A notice on the broken wall along Moi South Lake Road in Naivasha, a town 60 miles north of Nairobi, announces that the dilapidated road to the beach is public. This wall came down after a series of conflicts pitting locals against a developer who had constructed a gate to prevent intruders from accessing Karagita Beach on Lake Naivasha.

Locals took matters in their own hands and brought down the wall, resulting in running battles with the police. That was just one of the controversies dogging the freshwater lake, one of a string along the floor of the Great Rift Valley in Kenya. Lake Naivasha is key to Kenya’s horticulture and agriculture business, with the majority of cut flowers and vegetables destined for European supermarkets grown there.

Now, people who depend on the lake for their livelihoods are staring at a bigger problem that could have devastating effects. The Water Resources Authority (WRA) plans to reduce the riparian zone from 1,892 metres to 1,888 metres above sea level, a move which the riparian association argues will expose land as far as a kilometre in some areas around the lake.

Locals are not happy. Despite the booming fish business, Kennedy Waweru is a worried man just like other people whose lives revolve around the lake.

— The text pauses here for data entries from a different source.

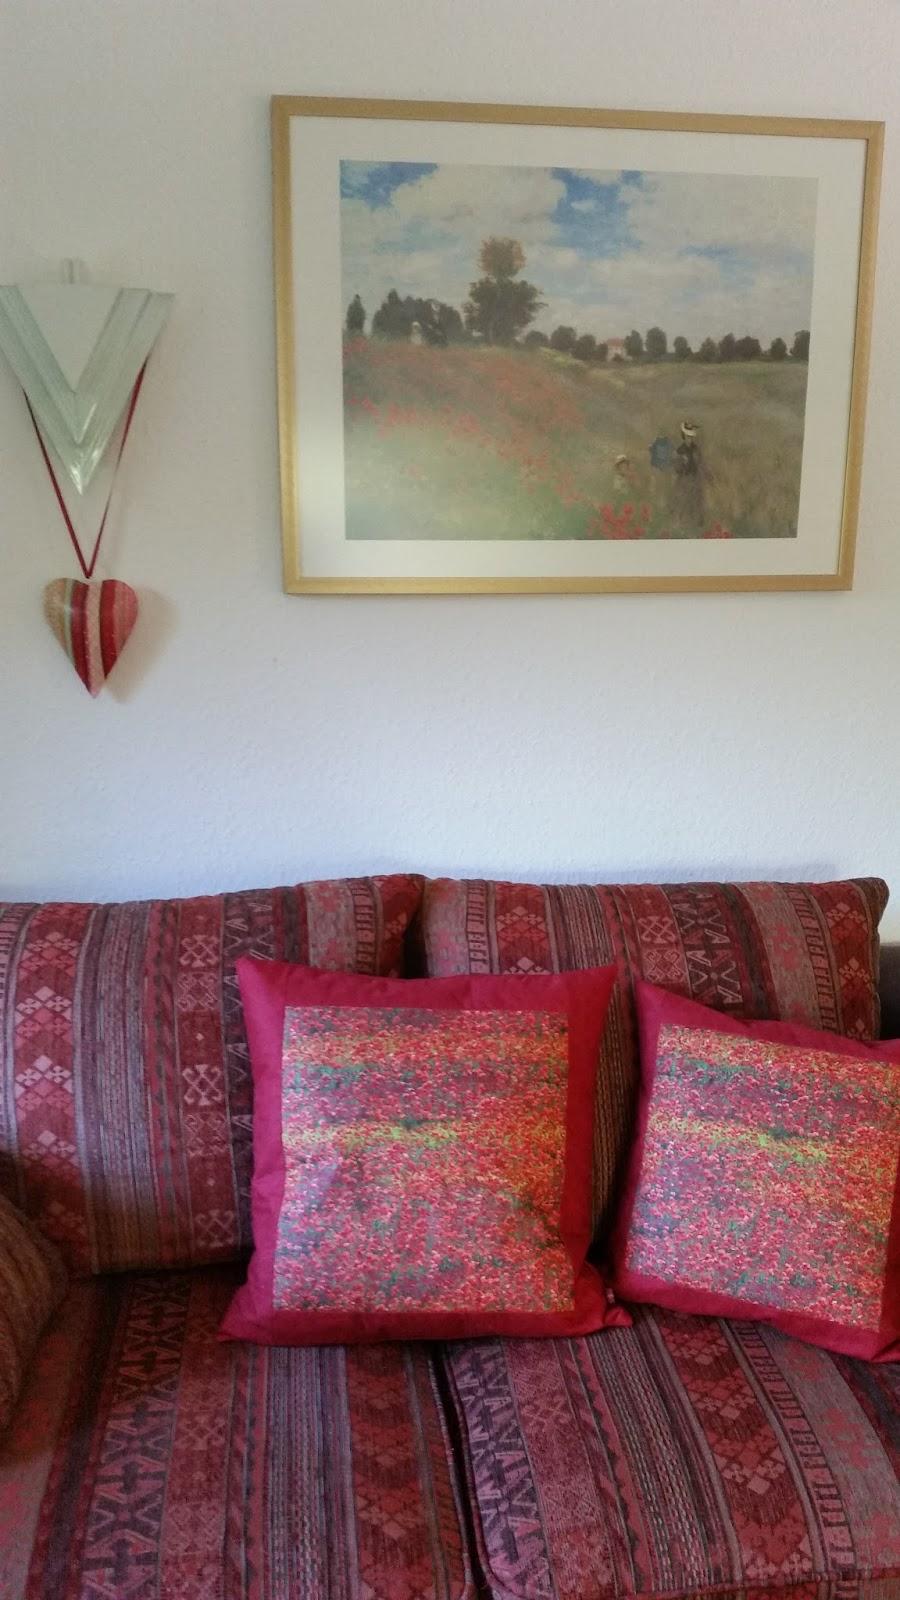 nellemies design neue kissen f r die couch. Black Bedroom Furniture Sets. Home Design Ideas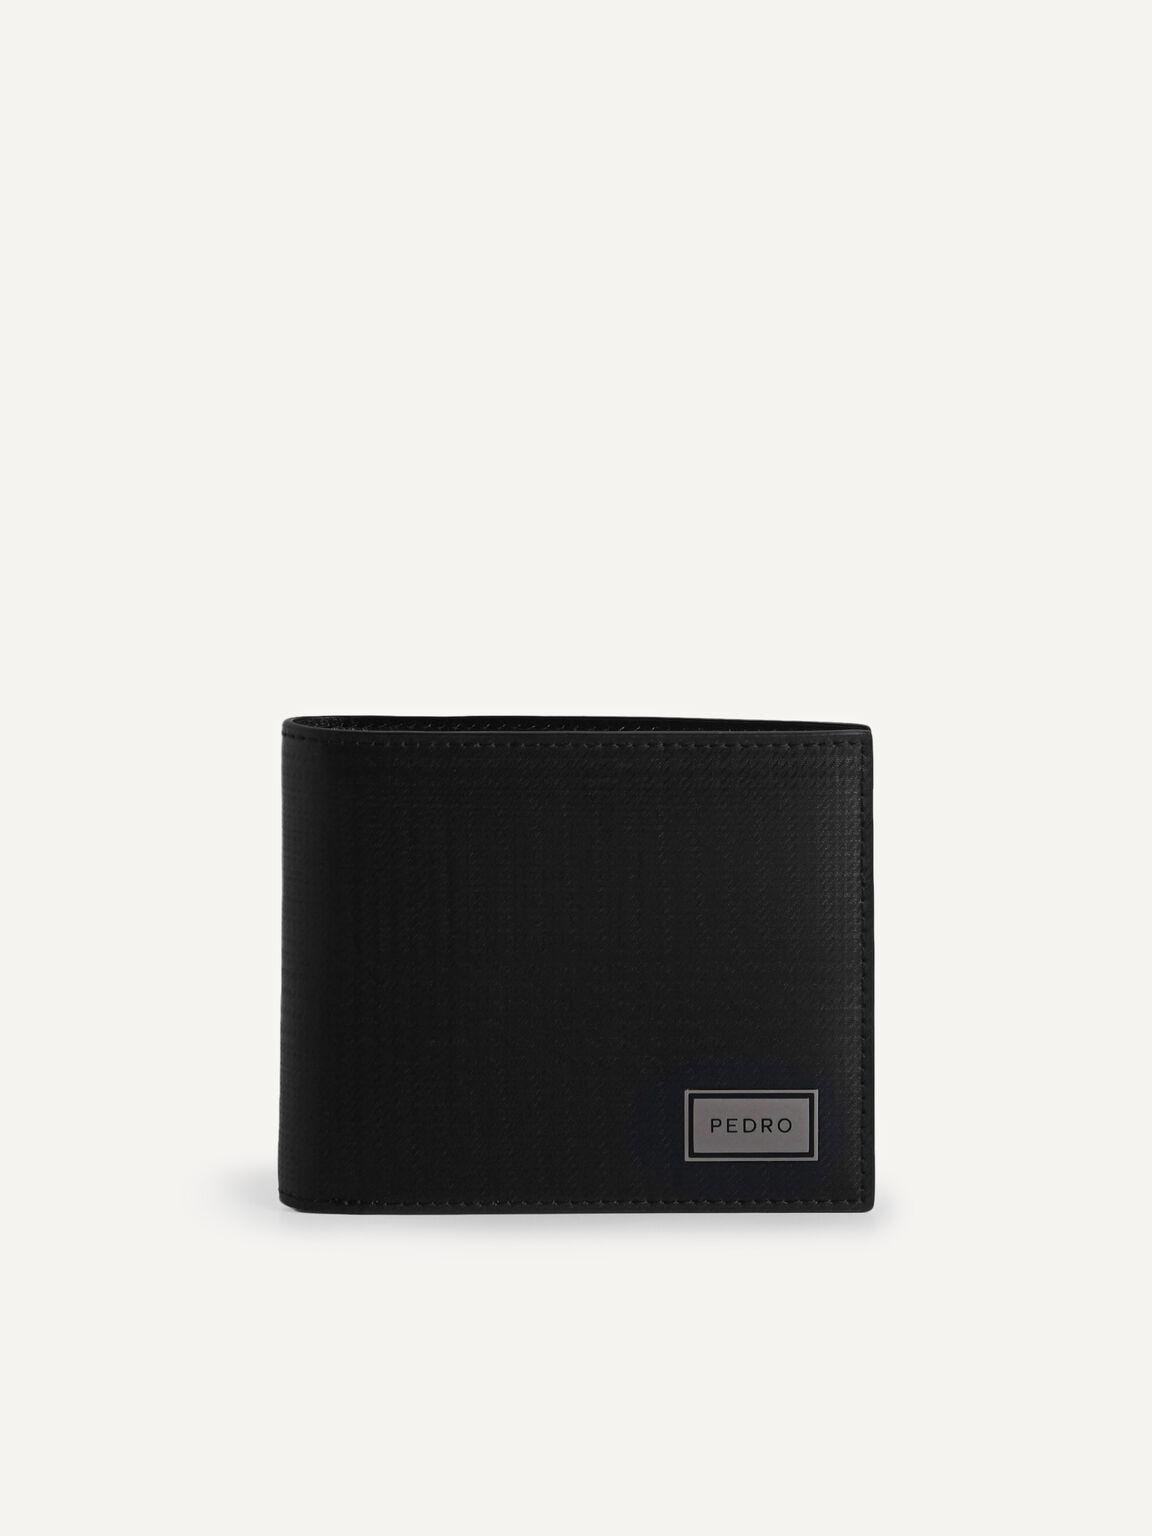 雙折疊皮革錢包帶翻蓋, 黑色, hi-res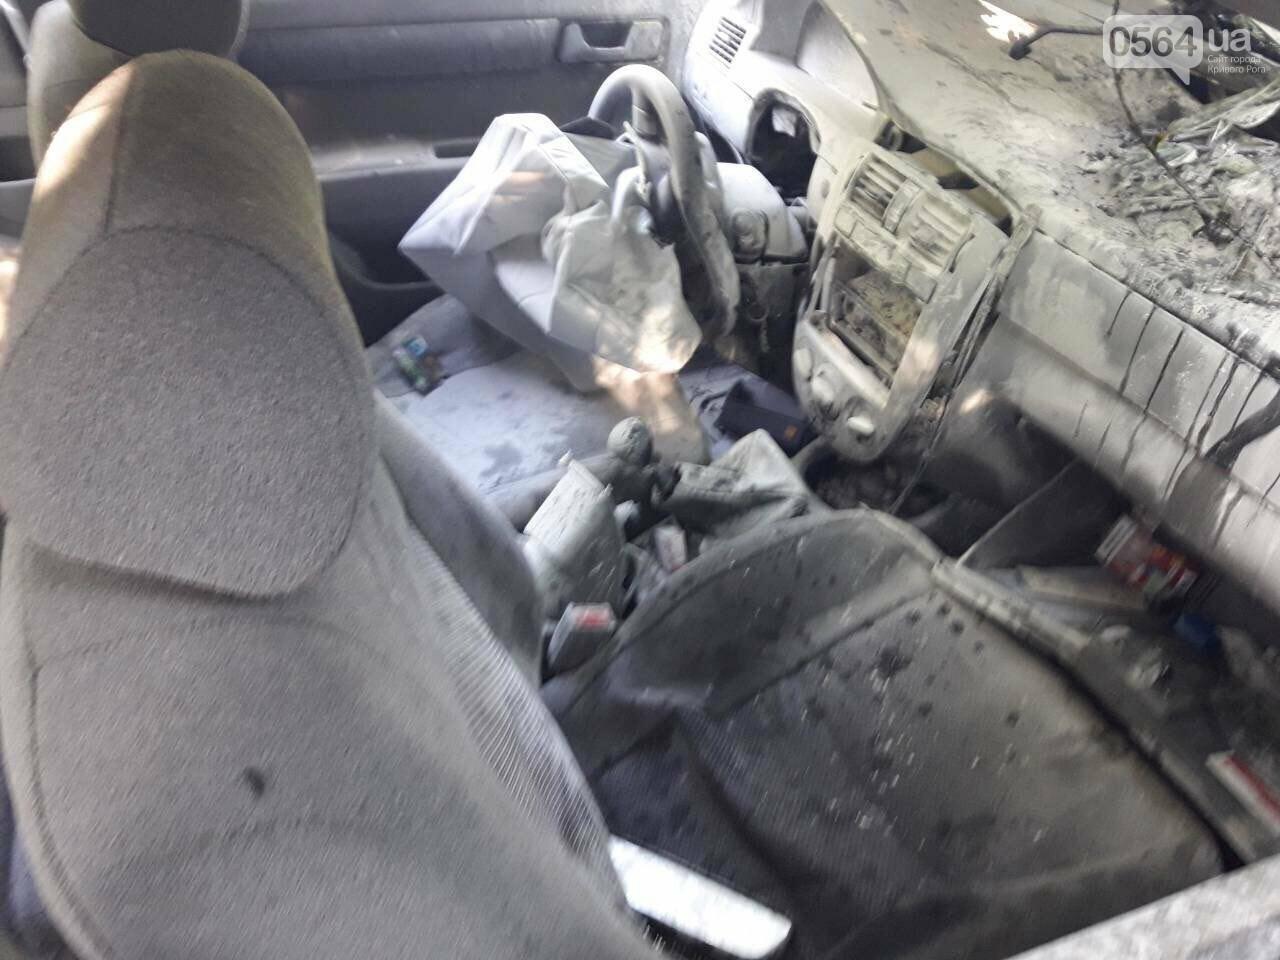 Стало известно, какие травмы получили двое подростков, которые попали в жуткое ДТП в Кривом Роге, - ФОТО, фото-1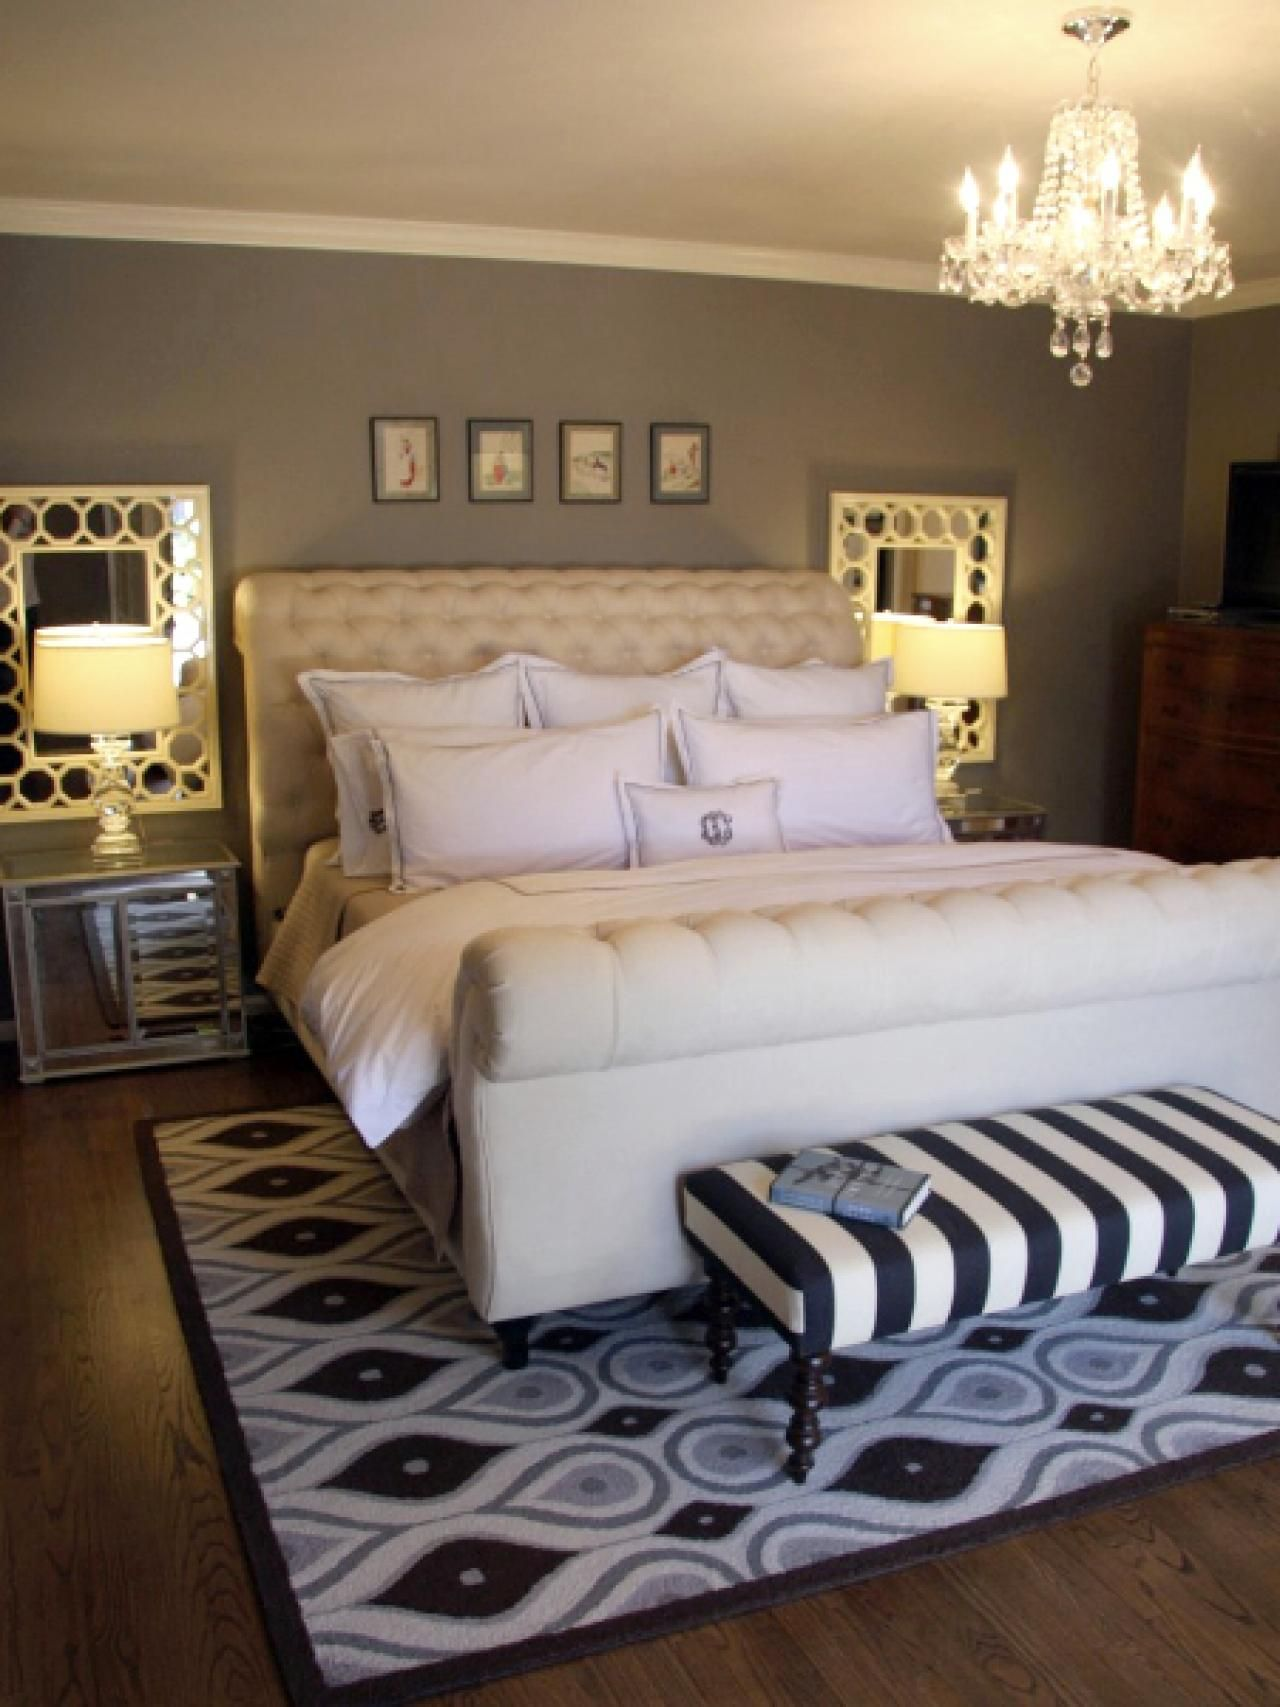 Romantisches schlafzimmer interieur couple bedroom ideas  couple bedroom ideas  here is the latest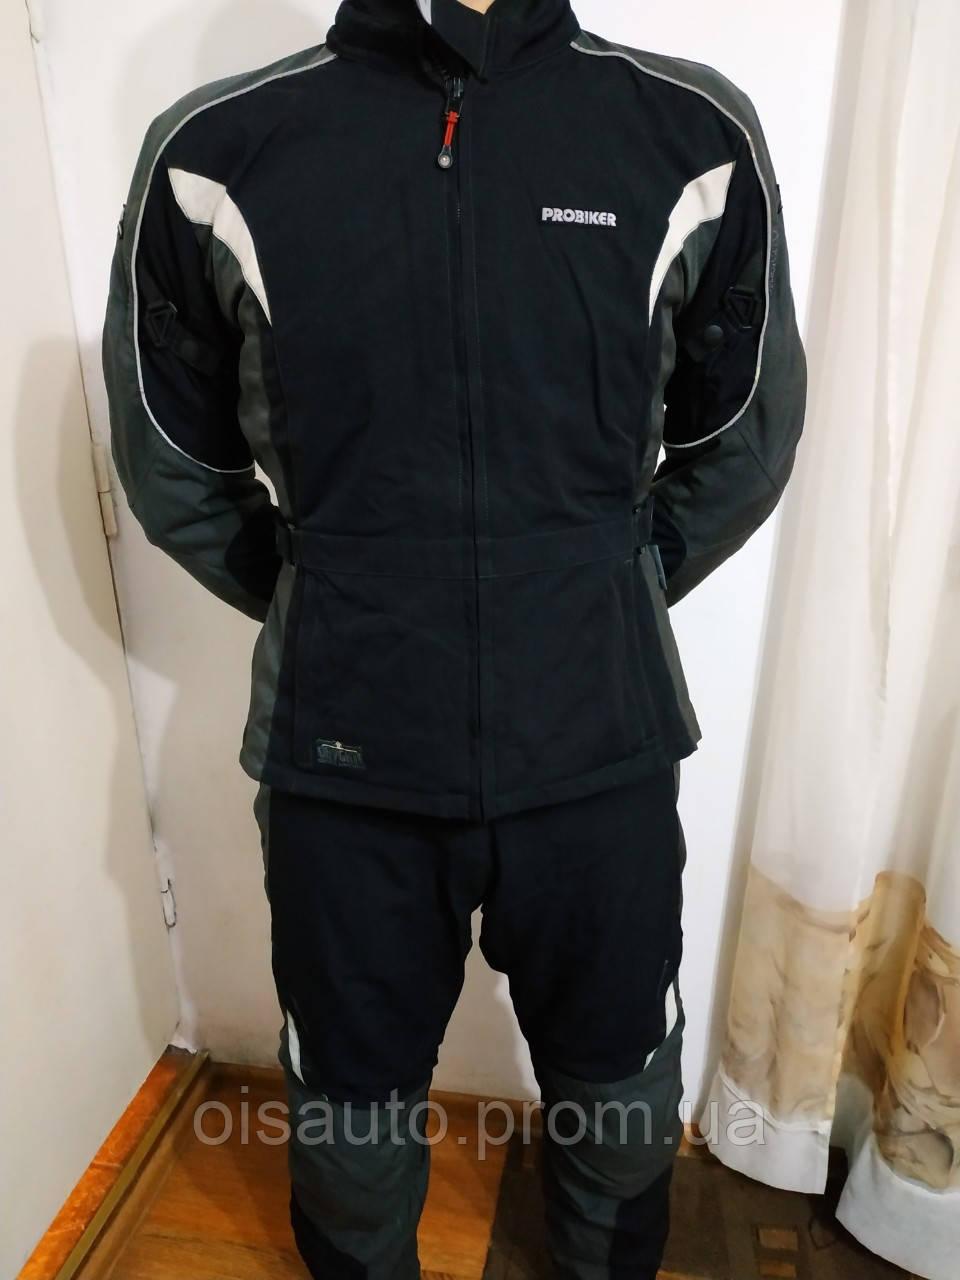 Мотоциклетний костюм Probiker (Комплект штани+куртка)

“We are very worried because of the secret plans to move the riparian zone towards the lake and one of the reasons is that we have not been consulted,” says Waweru.

WRA declined to answer questions raised, instead asking journalists – through its communications office - to attend a validation exercise to get answers.

Besides the outcry by locals, different government agencies that also have a stake in the lake basin have raised an alarm claiming they too were not involved.

Locals believe the national government – or senior political figures – are behind the whole plan using WRA in a move veiled as Lake Naivasha Catchment Area Protection order 2018 together with the 2018 Management Guidelines.

Waweru asks: “If the riparian zone is changed, where will those who depend on this lake from activities like fishing and tourism go?”

Other fish landing beaches that will most likely be affected include Central, Kamere, Kasarani and Kigoto.

The WRA postponed to December 7 a stakeholders meeting called on November 22 seeking to validate its proposals to reduce the riparian zone. Stakeholders say the authority has placed the cart before the horse by failing to follow constitutionally laid down procedures before it can make such a decision.

Silas Wanjala, the general manager of the riparian association, questions what decision informed the move by WRA and who was consulted because “other stakeholders were not”.

“This initiative has been entirely a top-down approach choreographed from Nairobi because even the local WRA offices seem not to be aware of what is happening yet they are on the ground,” says Wanjala.

The move by WRA has created a rift between it and other government agencies that have a stake in Lake Naivasha.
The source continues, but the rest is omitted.